- Date: 8–14 February
- Edition: 1st
- Draw: 32S / 16D
- Surface: Hard (Indoor)
- Location: Biella, Italy

Champions

Singles
- Illya Marchenko

Doubles
- Luis David Martínez / David Vega Hernández
- Biella Challenger Indoor · 2021 →

= 2021 Biella Challenger Indoor =

The 2021 Biella Challenger Indoor was a professional tennis tournament played on hard courts. It was the 1st edition of the tournament which was part of the 2021 ATP Challenger Tour. It took place in Biella, Italy between 8 and 14 February 2021.
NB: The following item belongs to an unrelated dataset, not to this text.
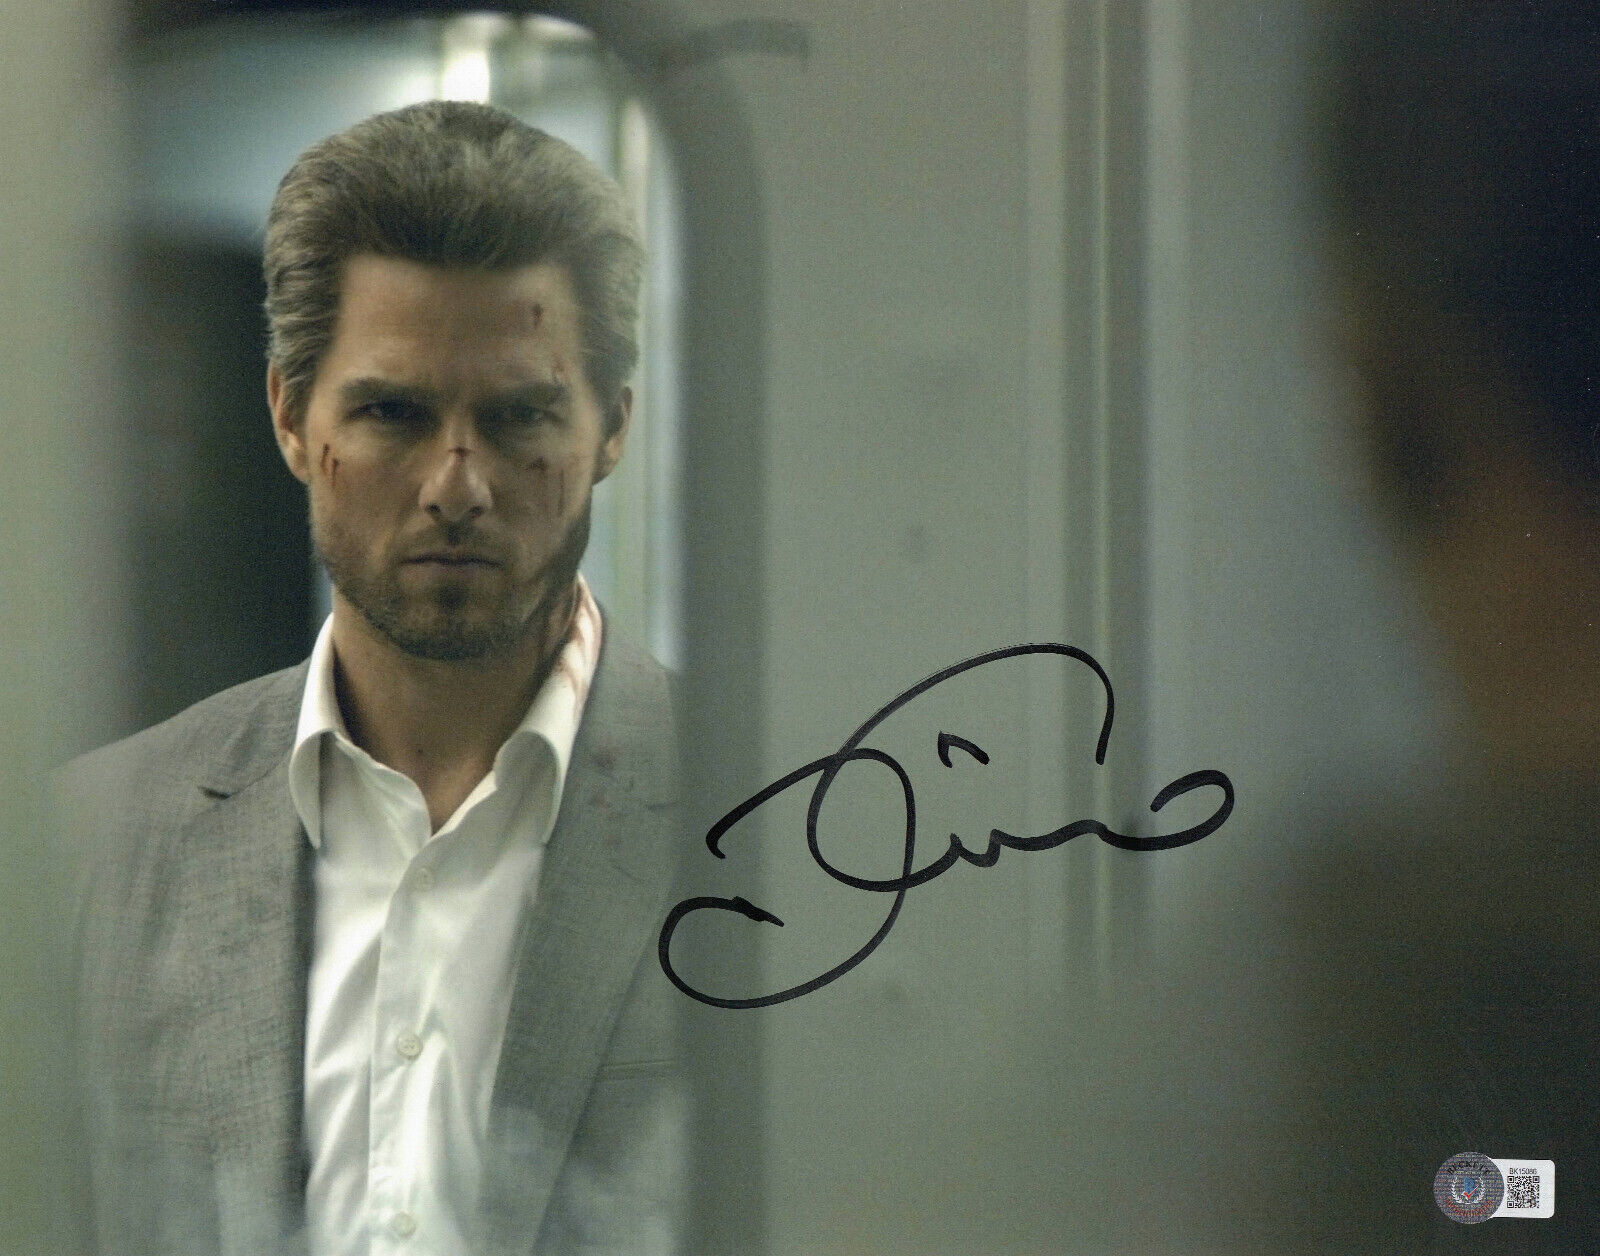 TOM CRUISE SIGNED AUTOGRAPH COLLATERAL 11X14 PHOTO BECKETT BAS
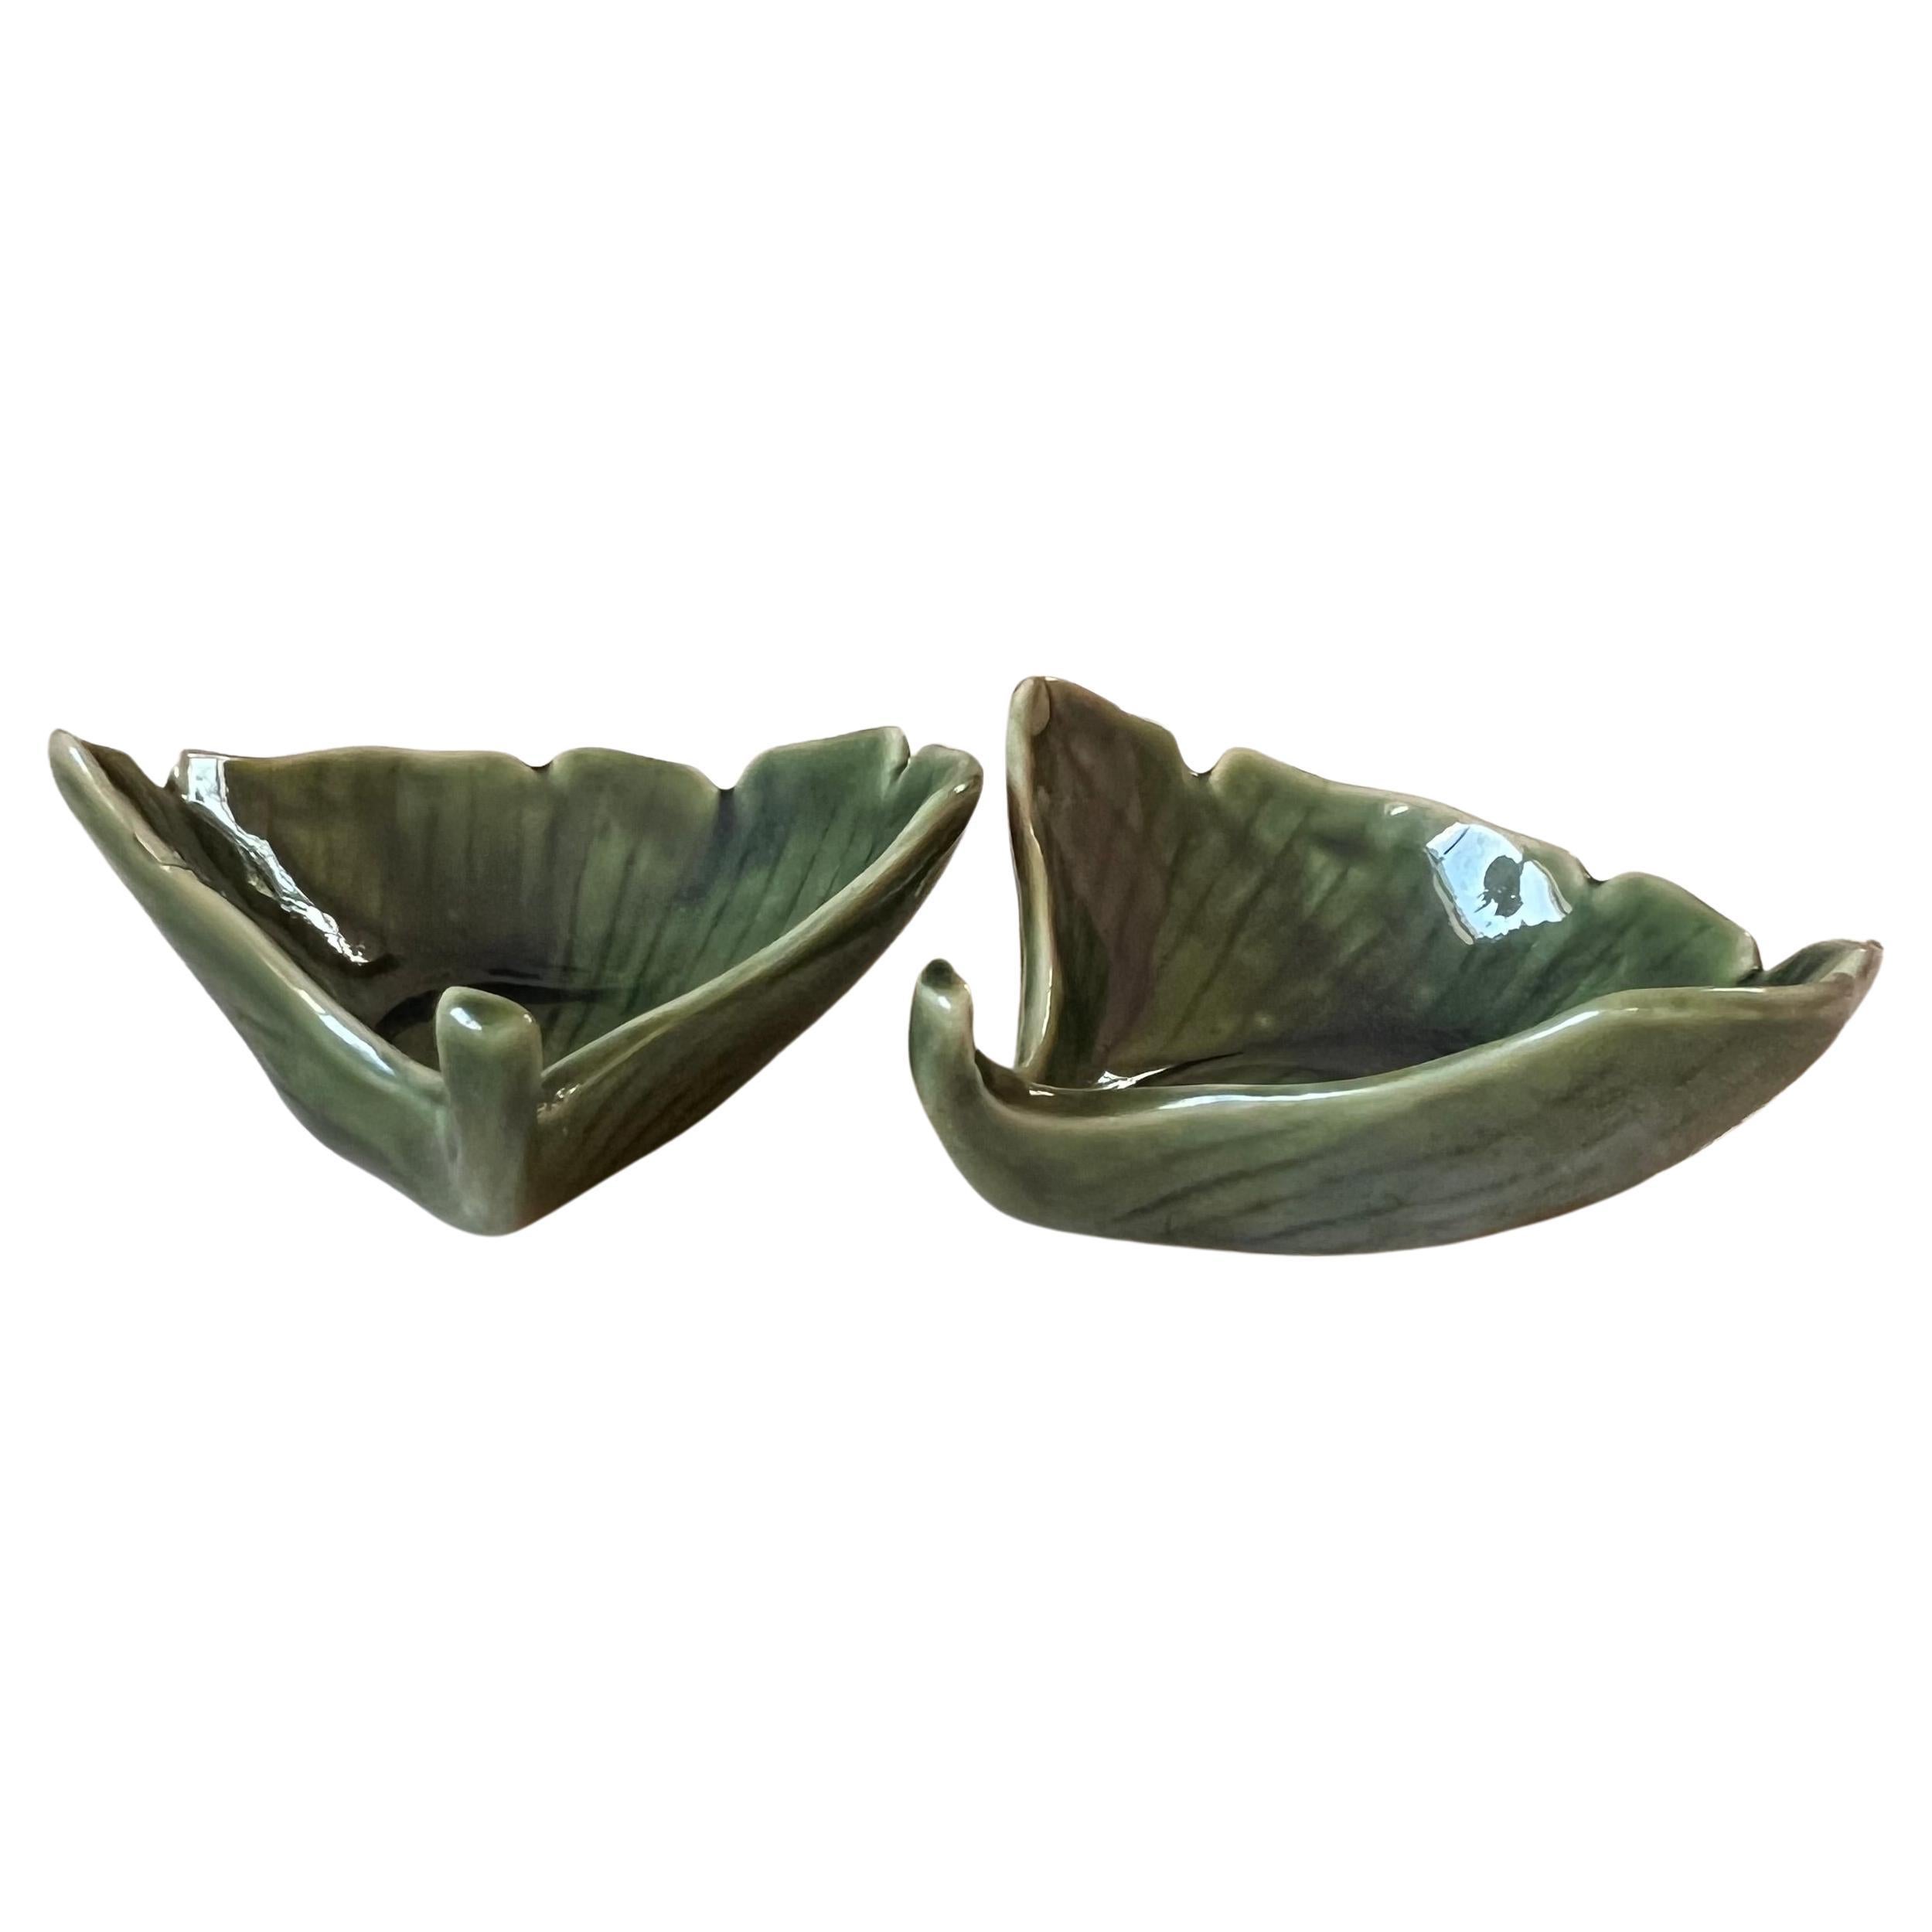 Pair of Vintage Japanese Leaf Dishes, 20th Century

==Singles main-draw entrants==
===Seeds===

| Country | Player | Rank^{1} | Seed |
|---|---|---|---|
| GBR | Andy Murray | 124 | 1 |
| ITA | Federico Gaio | 138 | 2 |
| EGY | Mohamed Safwat | 147 | 3 |
| ITA | Lorenzo Giustino | 154 | 4 |
| SVK | Martin Kližan | 156 | 5 |
| SLO | Blaž Rola | 158 | 6 |
| SVK | Filip Horanský | 163 | 7 |
| KAZ | Dmitry Popko | 168 | 8 |

- ^{1} Rankings are as of 1 February 2021.

===Other entrants===
The following players received wildcards into the singles main draw:
- BUL Adrian Andreev
- GBR Andy Murray
- ITA Luca Vanni

The following players received entry from the qualifying draw:
- ITA Giovanni Fonio
- ITA Fabrizio Ornago
- NED Jelle Sels
- NED Tim van Rijthoven

==Champions==
===Singles===

- UKR Illya Marchenko def. GBR Andy Murray 6–2, 6–4.

===Doubles===

- VEN Luis David Martínez / ESP David Vega Hernández def. POL Szymon Walków / POL Jan Zieliński 6–4, 3–6, [10–8].